In my Redmond magazine cover story this month, Clouds Collide in Strategic Microsoft vs. Google Battle,I reported how fiercely the two companies are going after each other in the hosted e-mail and Web productivity space.

Google is trying to eat into Microsoft's cash cows: Windows, Exchange, SharePoint and Office -- and the article explains how. While Microsoft likes to tout missing features in Google Apps, it's a moving target. Google frequently updates Google Apps.

One of the critiques of Google Apps was its approach to service level agreements.

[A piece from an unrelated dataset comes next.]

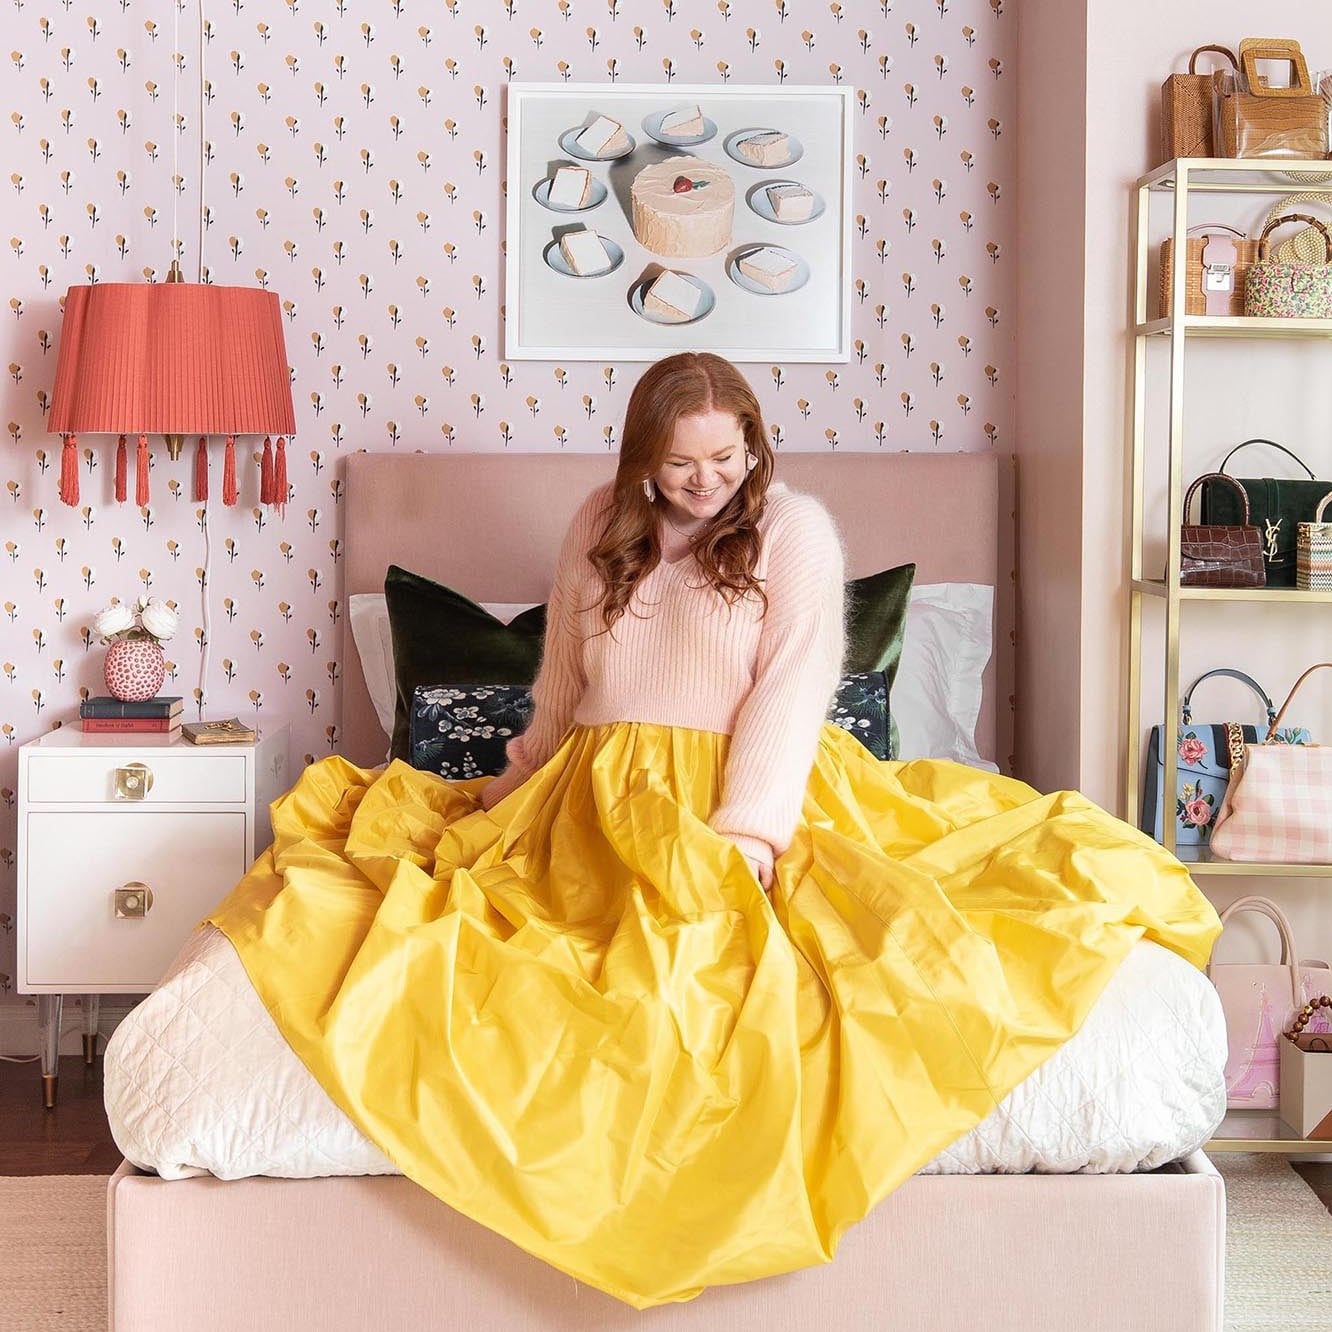 Девушка в бледно-розовой кофте и ярко-жёлтой юбке сидит в стильно оформленной квартире в розовых тонах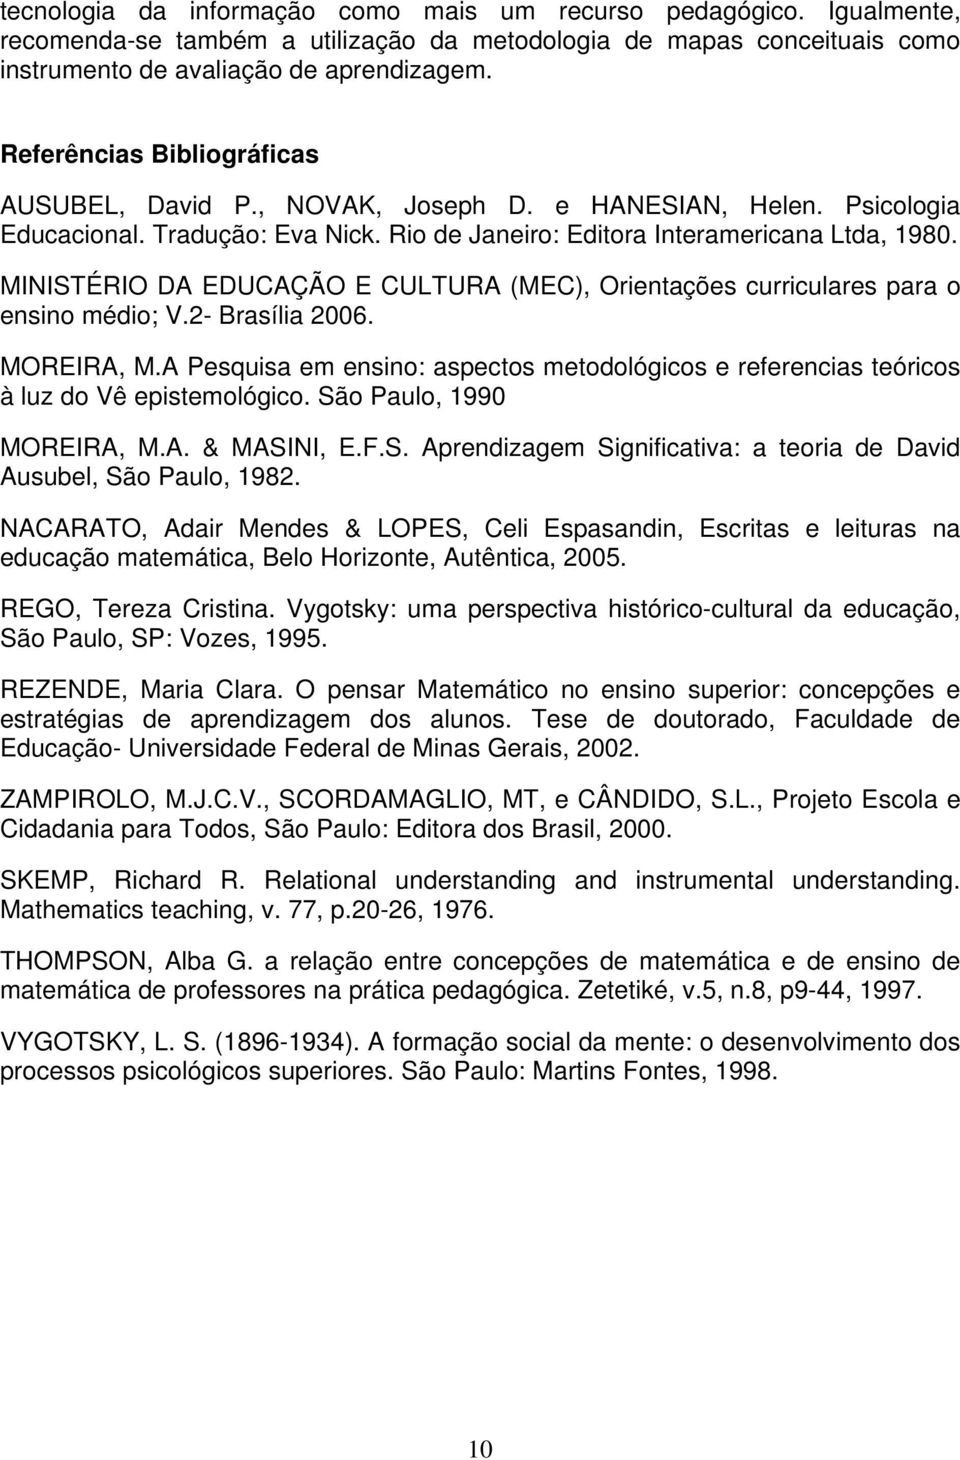 MINISTÉRIO DA EDUCAÇÃO E CULTURA (MEC), Orientações curriculares para o ensino médio; V.2- Brasília 2006. MOREIRA, M.

Specifically, downtime of less than 10 minutes wasn't included as part of the SLA. Google has amended its SLA so that even shorter amounts of downtime are now is included.

Moreover, Google has removed an SLA provision that permitted scheduled downtime. "Going forward, all downtime will be counted and applied towards the customer's SLA," wrote Matthew Glotzbach, Google's enterprise product management director, in a  blog post last month announcing the new policy.

Despite some outages, Glotzbach said that Gmail was available 99.984 percent of the time last year, covering both business users and consumers. "People expect e-mail to be as reliable as their phone's dial tone, and our goal is to deliver that kind of always-on availability with our applications," he noted.

As Google and Microsoft argue over whose service has features more conducive to how information is created and shared, availability and meeting service requirements will remain high on the requirements list. Providing E-mail dial tone must be a given. Google and Microsoft both appear to get that but the proof will be whether they can deliver.